TUFILLO | La cucina della casa di Ernano Marcovecchio non è piccola ed è anche ben illuminata, perché dà sul corso che porta dritti al centro di Tufillo. In quella stanza li ho trovati otto degli undici
candidati ad amministrare il loro paese, tutti intenti a piegare il programma elettorale, con cui cercano di convincere 284 loro concittadini ad andare a votare il 5 giugno prossimo. Loro non hanno una o più liste contrapposte, neanche quella dei poliziotti (che le fanno per prendersi le ferie, come è accaduto nella vicina Dogliola).
I candidati di Tufillo sono unici, nel senso che la loro lista è unica e, per questo, a votare ci deve andare la metà più uno degli iscritti in Comune, che sono 557. Di questi, però, abitano in paese solo 332, perché il resto risiede all’estero, anche se ha diritto di voto. Speriamo che qualcuno torni e voti, ma se non tornerà nessuno dall’estero per votare, l’unica lista dovrà puntare solo sui 332 che abitano in paese e di questi potranno fare passo solo 51 persone. Se staranno a casa 52 o più di 52 la votazione è nulla e quindi arriverà il commissario prefettizio.

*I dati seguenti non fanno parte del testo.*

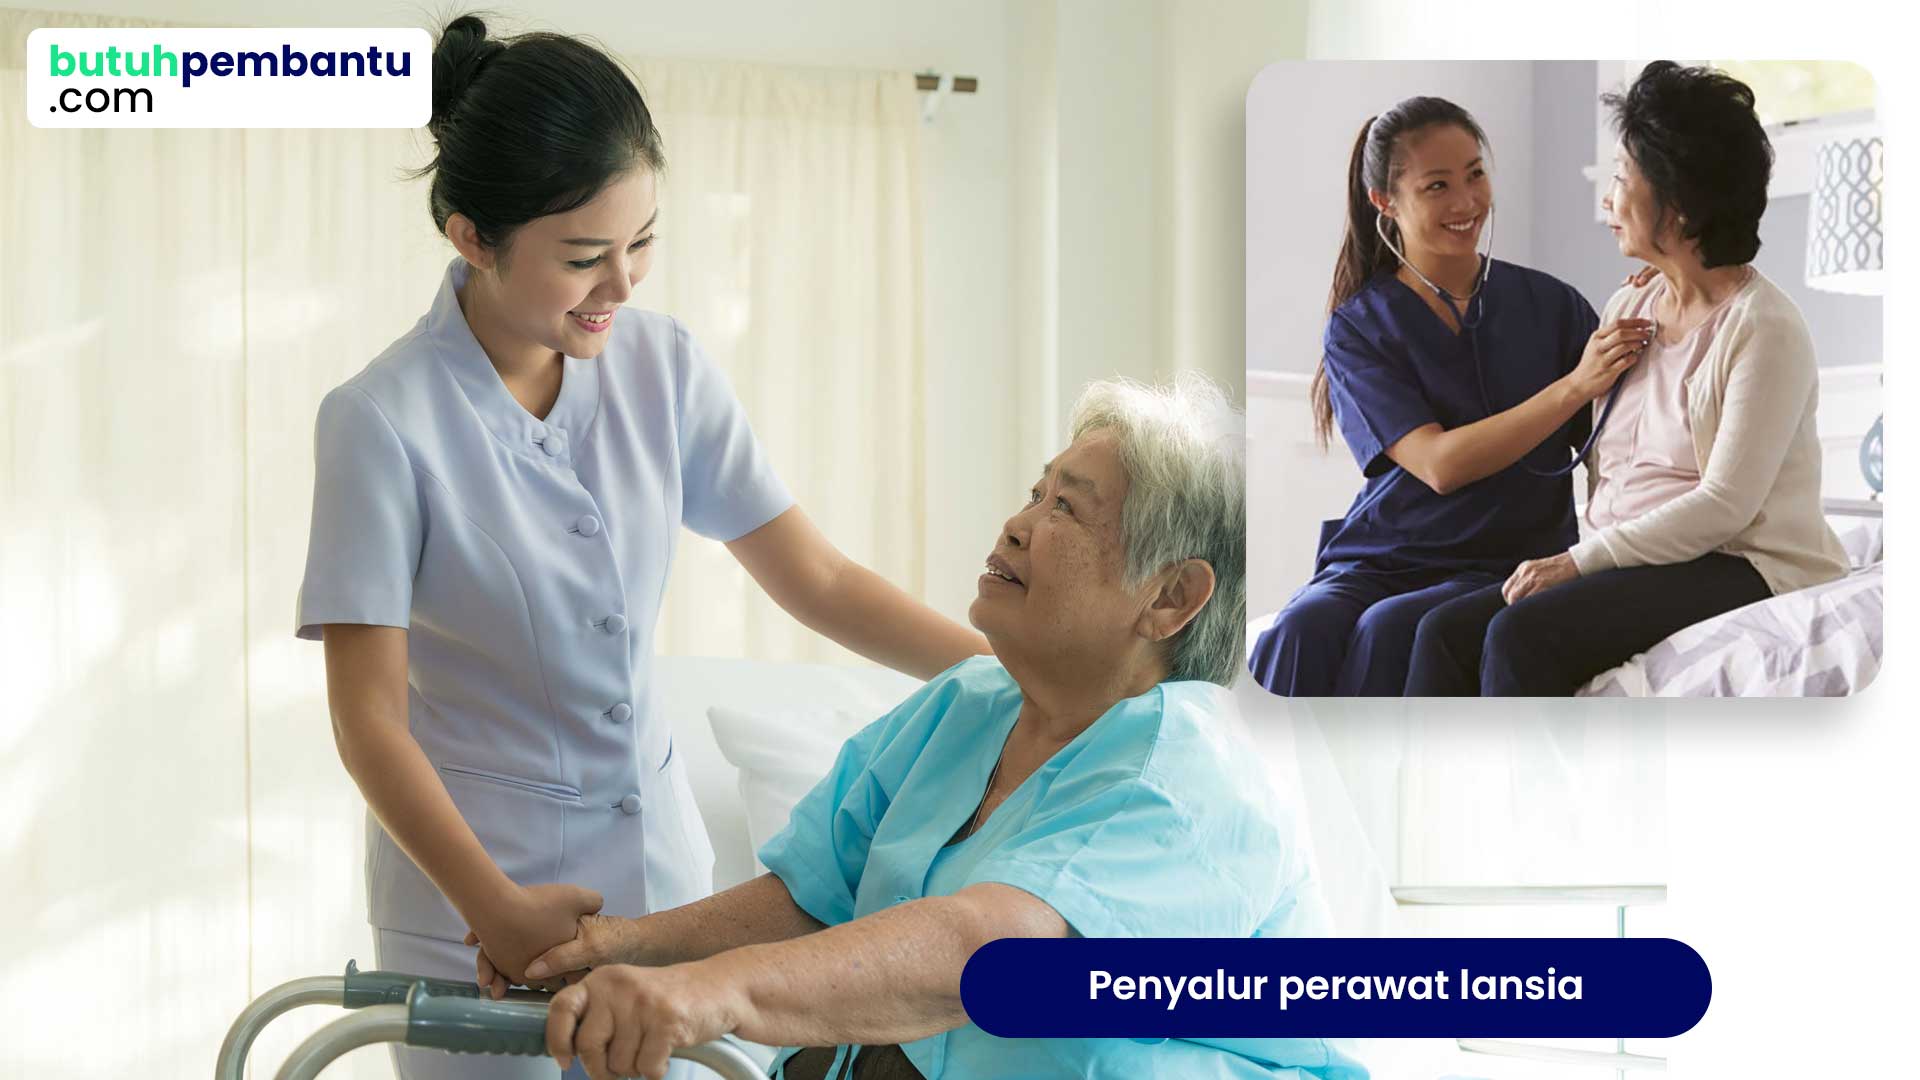 Penyalur perawat lansia terpercaya resmi - butuhpembantu.com

Appena arrivo per conoscerli ed intervistarli (ma anche studiarli) mi rispondono con decisione e cordialità, però continuano a piegare i programmi con cui andranno nelle case a chiedere a tutti di andare al seggio. Capisco da questo che sono consapevoli che portare a votare quasi il 90% di quelli che stanno in paese non è facile. Marcovecchio, il candidato sindaco, sintetizza così: “E’ difficile, ma non impossibile”. Fatti questi conti veloci, chiedo loro. “Scusate, ma non sarebbe stato più facile fare la lista civetta, con cui avreste evitato il quorum ?” Bastava prendere quattro amici o parenti compiacenti e…”Ce l’avevamo, ce l’avevamo...” risponde la più decisa di tutti, Veronica Galizia. E poi prosegue: “Abbiamo votato in assemblea tra di noi e deciso che era meglio non farlo. Se il paese ci vuole dovrà andare al seggio”. Poi continuo a ragionare e scopro che di assemblee ne hanno fatto più di una e che si sono messi insieme solo “per fare qualcosa per il paese”. Mi spiegano che lo faranno “in modo costruttivo e senza offese, attorno ad Ernano, di cui è stata apprezzata la precedente esperienza amministrativa (Marcovecchio è stato sindaco per due mandati, prima dell’uscente Marco Monaco, nda)” Si comprende che qui gli schemi non sono quelli classici. Del resto fuori dagli schemi è anche questa scelta di puntare (di fatto) al 90% degli elettori. Ma fuori dagli schemi è stata pure la non presentazione delle liste, né da parte dell’ Amministrazione uscente e né da parte dell’Opposizione uscente. Evidentemente l’incarico in Comune, qui su, non è visto come una scelta di prestigio e men che meno di potere, perché altrimenti gli uscenti avrebbero trovato persone per candidarsi. E neanche per gli (unici) candidati è così indispensabile andare al Comune, perché altrimenti avrebbero fatto la lista civetta. A Tufillo, più che altrove, si sono sciolti i partiti tradizionali e il senso dell’appartenenza politica; resta praticamente solo quel nobile “fare qualcosa per il paese”, sintetizzato da Veronica, che poi è la filosofia di tutti.
Dei presenti conosco bene il candidato sindaco. Conosco i cognomi di tutti, ma non ci avevo mai parlato prima di allora e già avevo pensato che fossero i ragazzi di Bauman, più che di Marcovecchio. Il quale ha solo raccolto l’ aspirazione che resiste “fare qualcosa per il paese”.
Se nessuno si offende, li chiamerò i ragazzi di Bauman i membri di “Scelte partecipate” e spero che il popolo, quello vero, quello che non si è sciolto, ma ama Tufillo come loro, possa consentire loro di “fare qualcosa per il paese”. I commissari, mandati dal Governo, quando vengono nei Comuni, (generalmente due tre mattina a settimana) risanano i bilanci senza guardare in faccia a nessuno. E’ meglio che alle tasse di Tufillo, alle opere (quelle possibili), agli eventi culturali, insomma a quel può che si può fare, ci pensino Marcovecchio ed i suoi ragazzi, anzi i ragazzi di Bauman.